## Task details
When the line with "Funny Shark Pun" turns up below, begin repeating exactly, and carry on through the line with "Free Wedding Card"; no pictures go into the copy.

## Entries provided

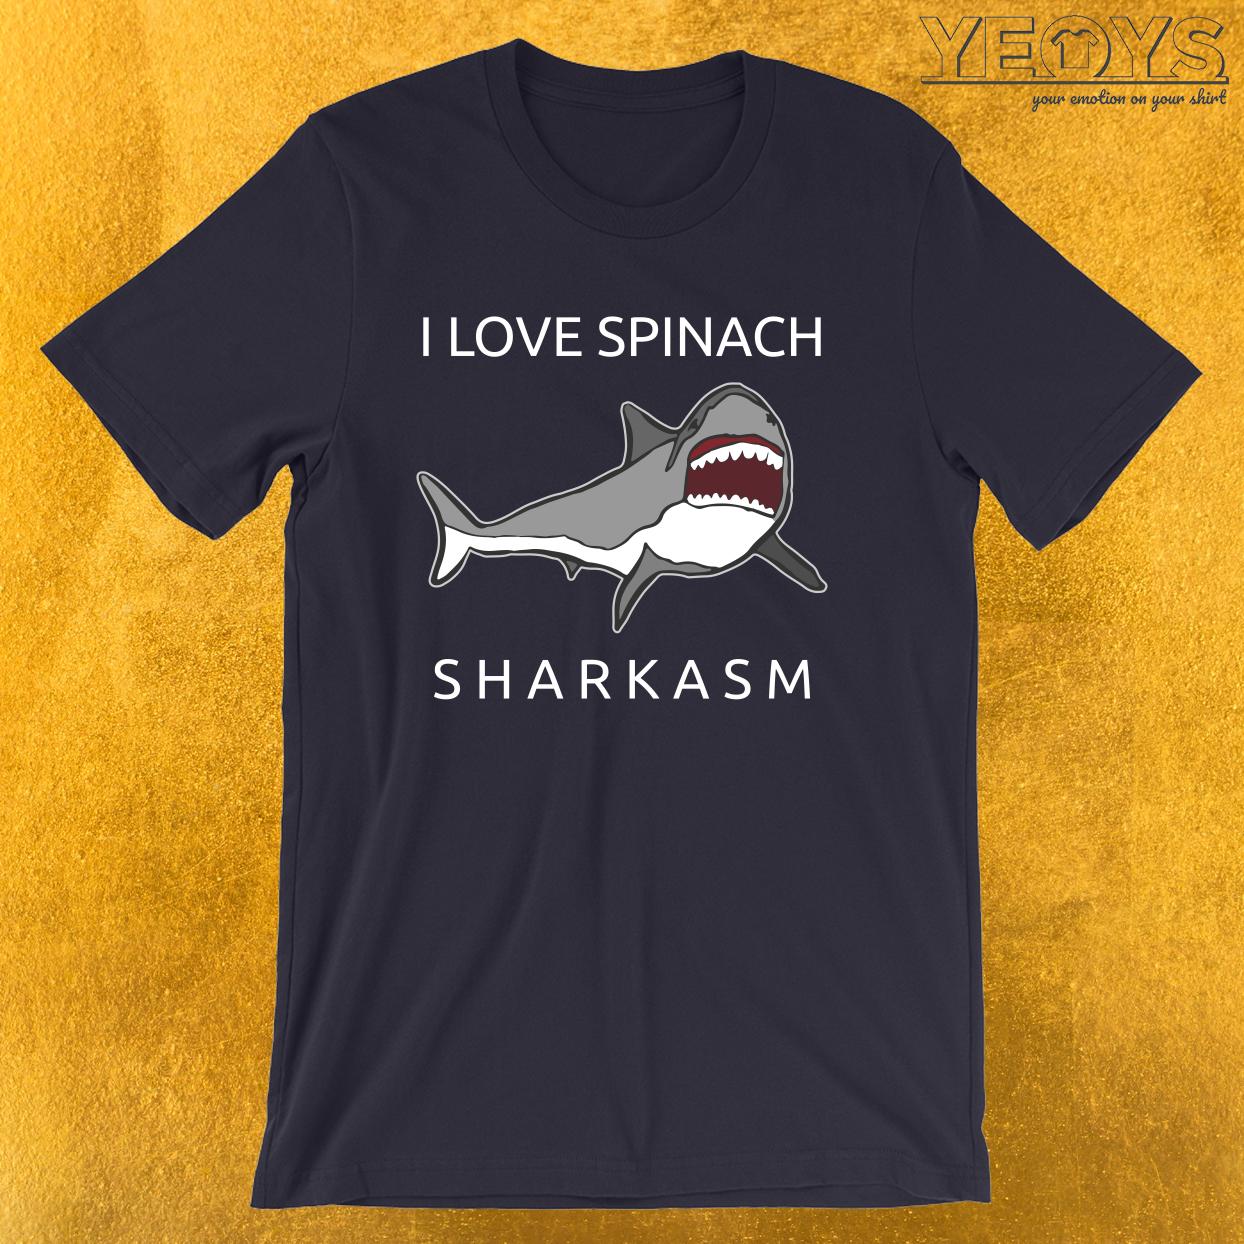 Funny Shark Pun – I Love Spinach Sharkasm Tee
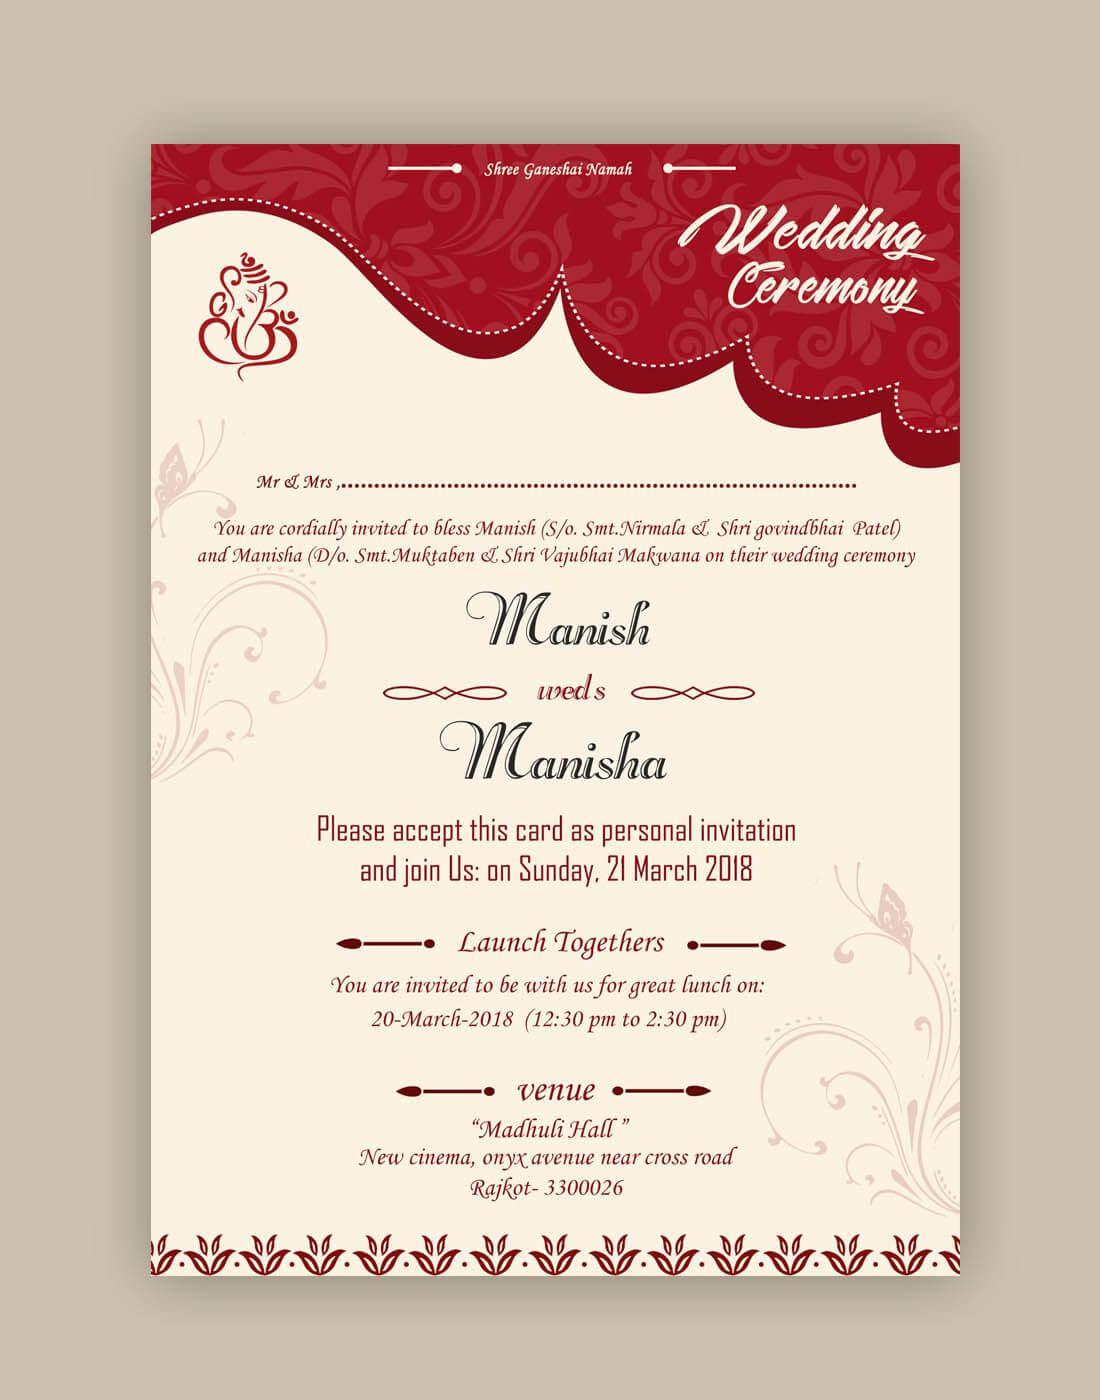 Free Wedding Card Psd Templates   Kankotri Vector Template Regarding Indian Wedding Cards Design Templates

...

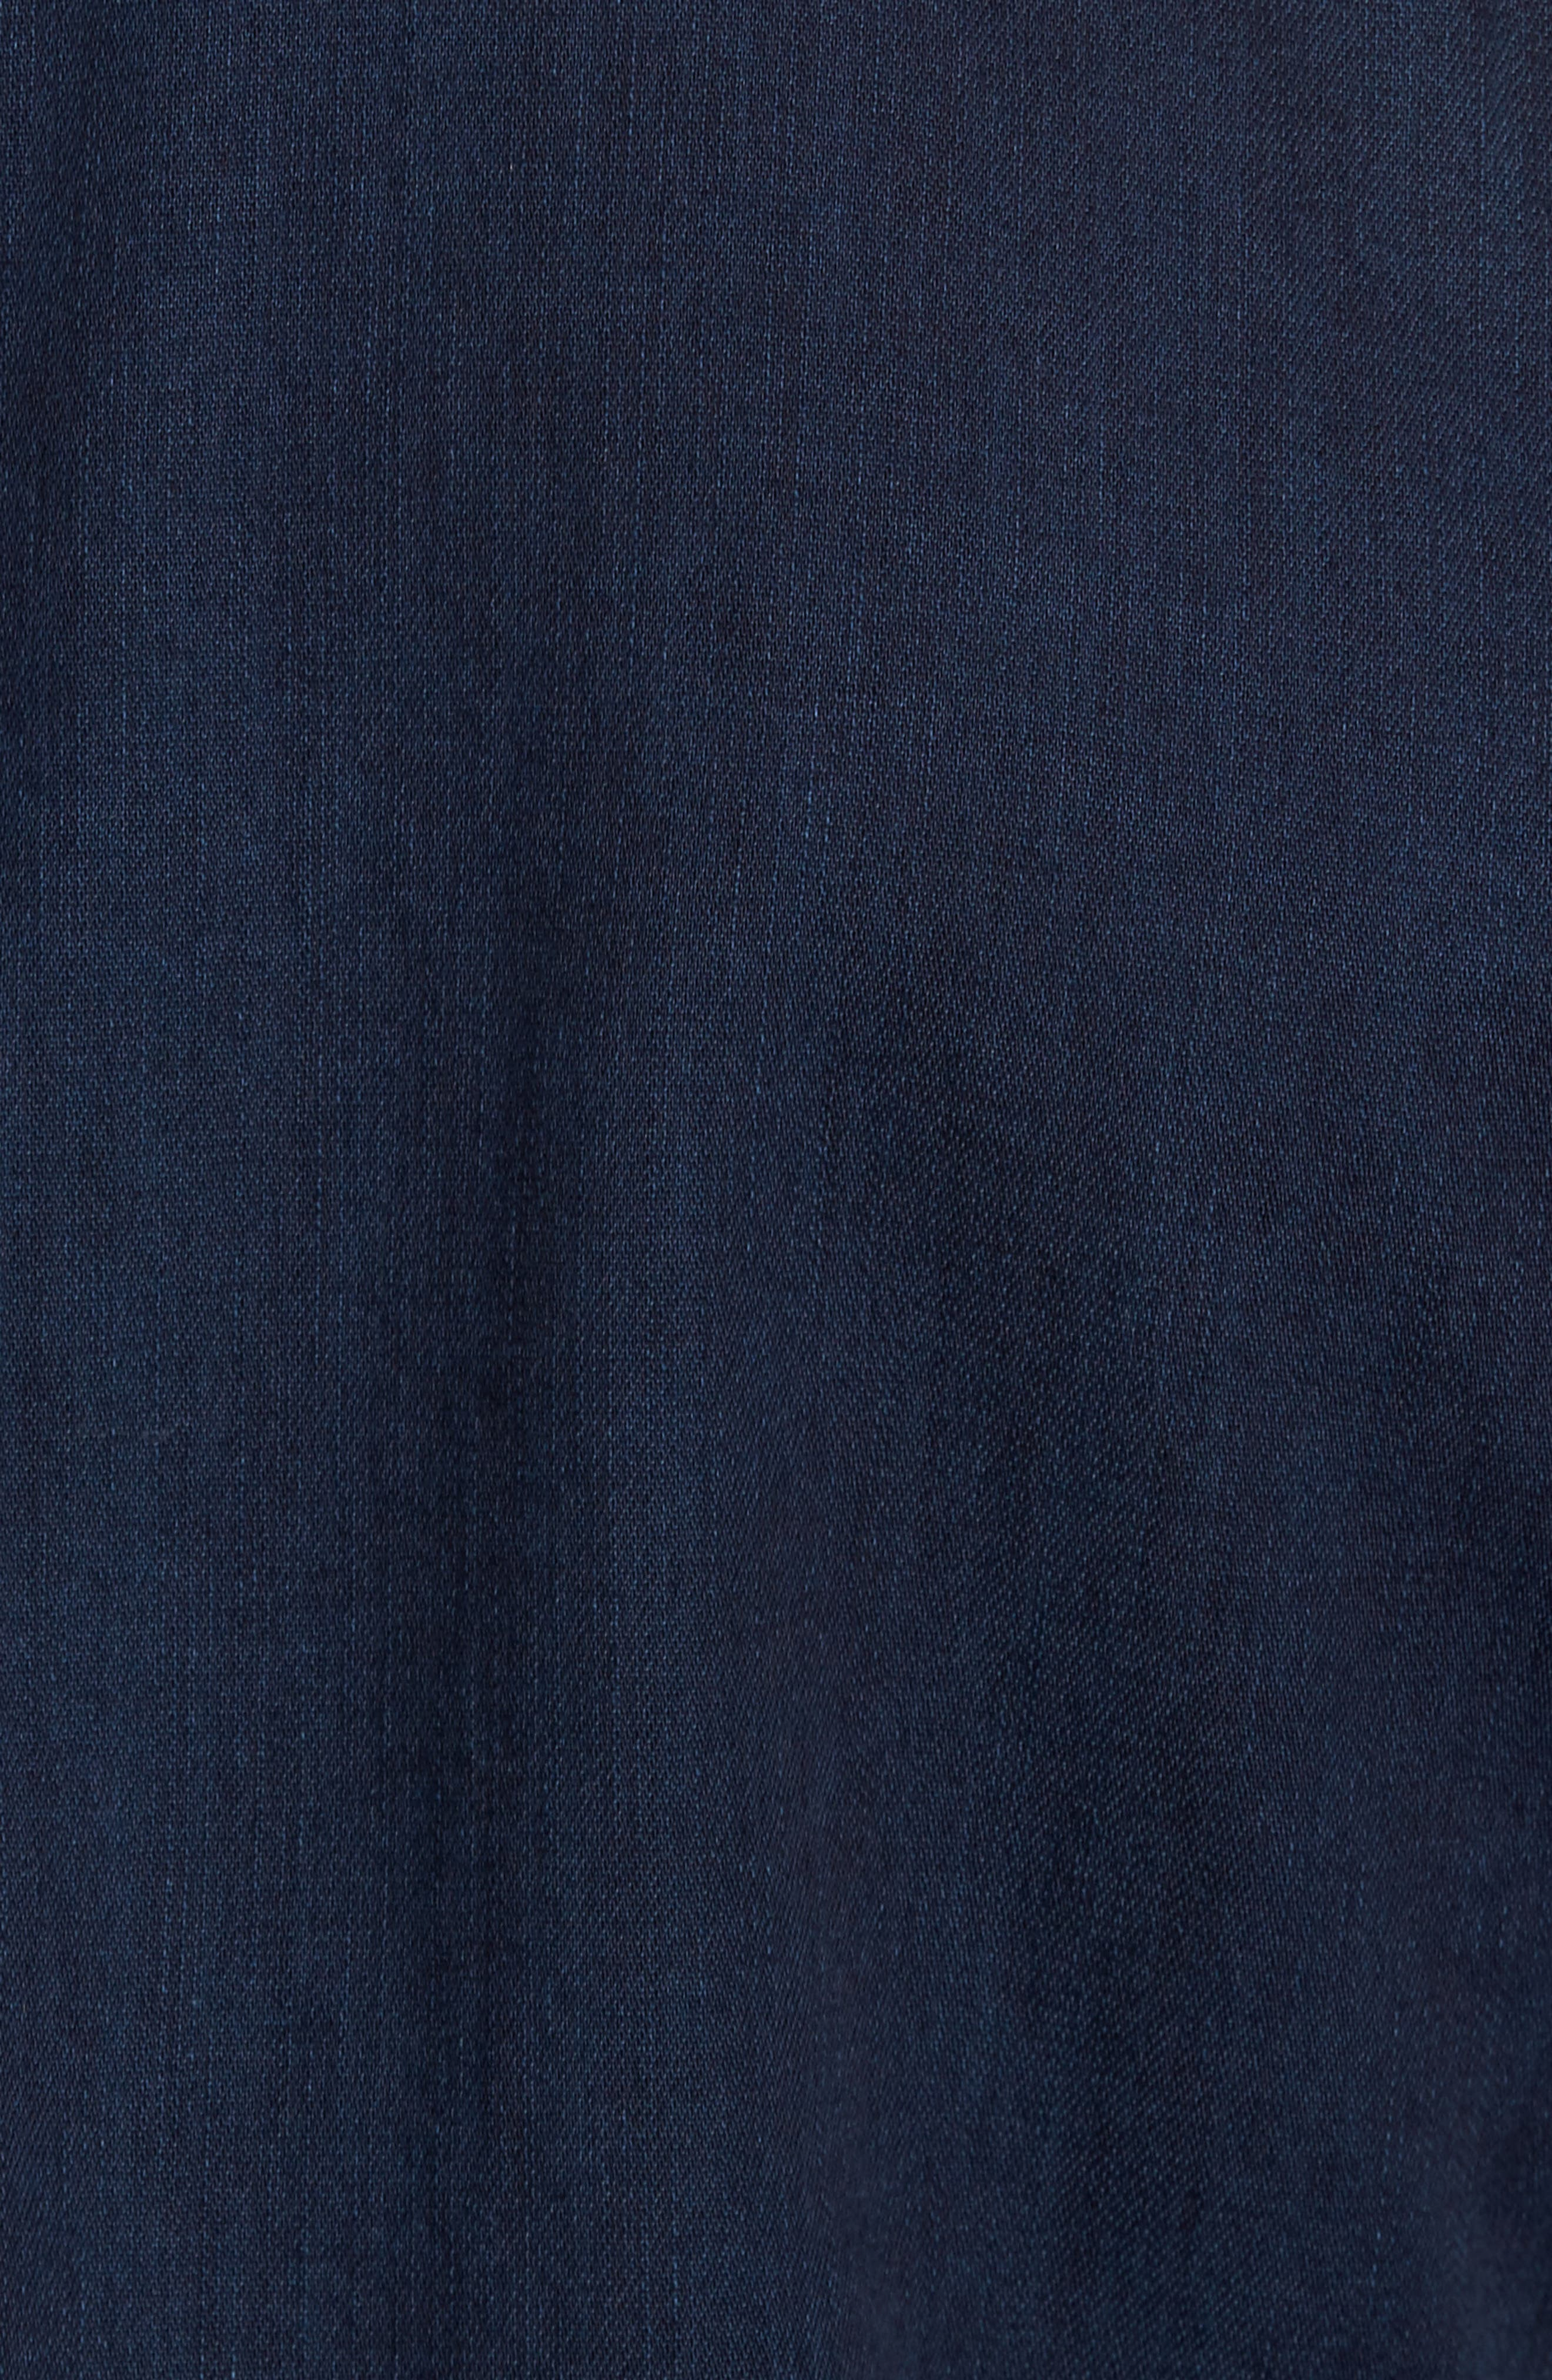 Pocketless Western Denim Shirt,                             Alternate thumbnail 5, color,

## Result for this task
 Funny Shark Pun – I Love Spinach Sharkasm Tee
 Free Wedding Card Psd Templates   Kankotri Vector Template Regarding Indian Wedding Cards Design Templates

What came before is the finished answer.